## About this task:
Reproduce only what runs from the line containing "Кровать мягкая 200х140" to the line containing "Рятувальники провели з" in the records below, inclusive. Keep it exact, and keep the pictures out.

## Provided entries:
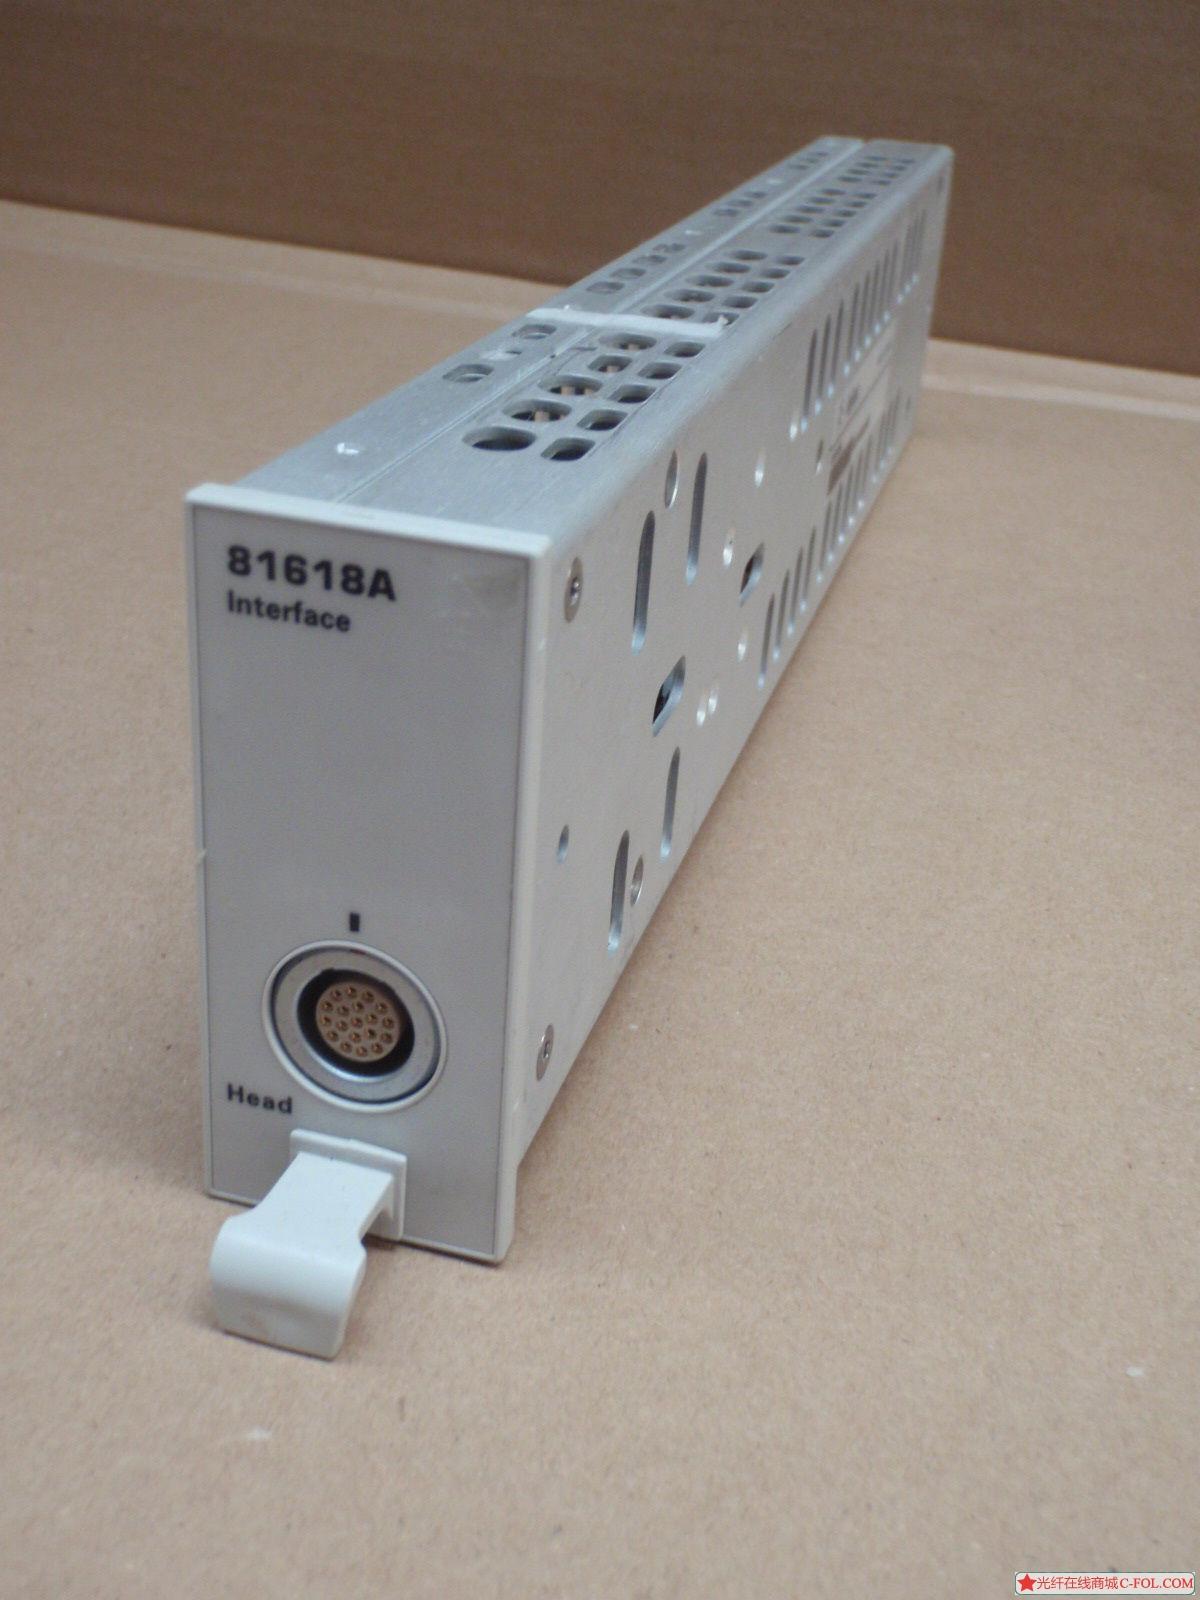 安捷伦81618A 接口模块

--

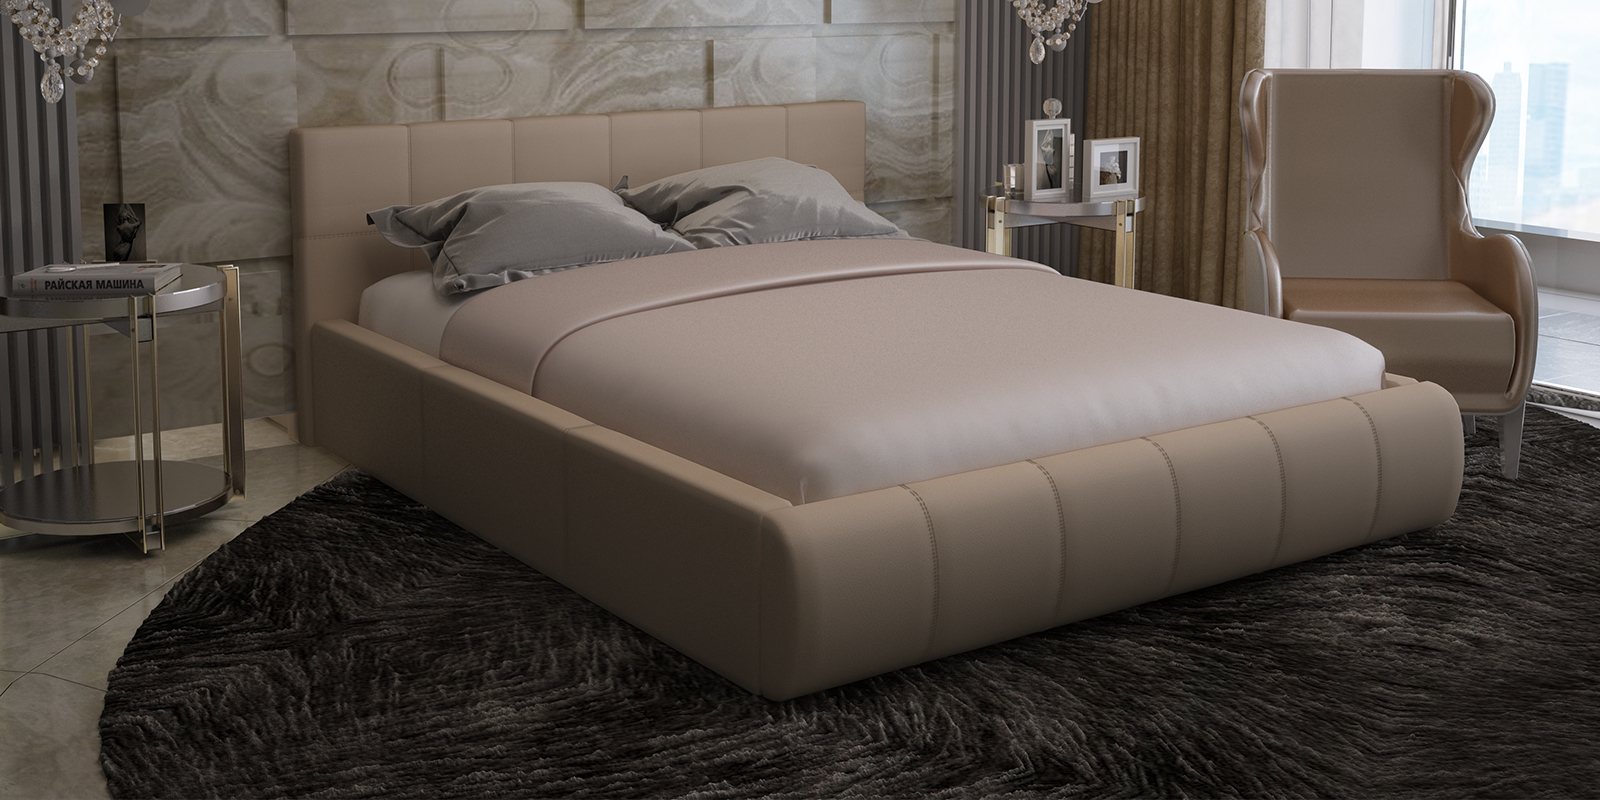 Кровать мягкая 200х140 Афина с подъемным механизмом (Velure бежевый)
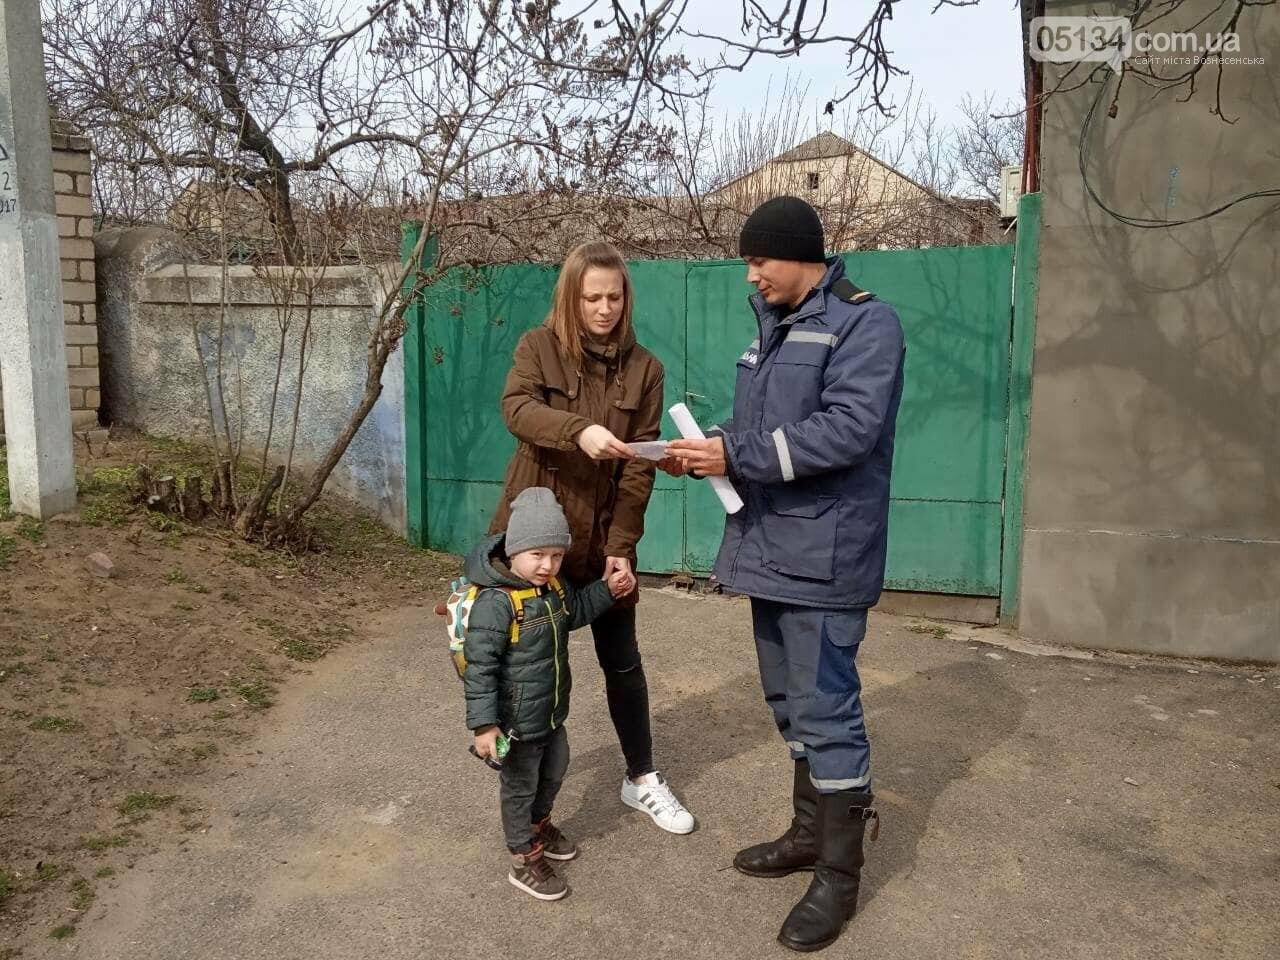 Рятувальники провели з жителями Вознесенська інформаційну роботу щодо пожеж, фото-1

## Written answer:
 Кровать мягкая 200х140 Афина с подъемным механизмом (Velure бежевый)
 Рятувальники провели з жителями Вознесенська інформаційну роботу щодо пожеж, фото-1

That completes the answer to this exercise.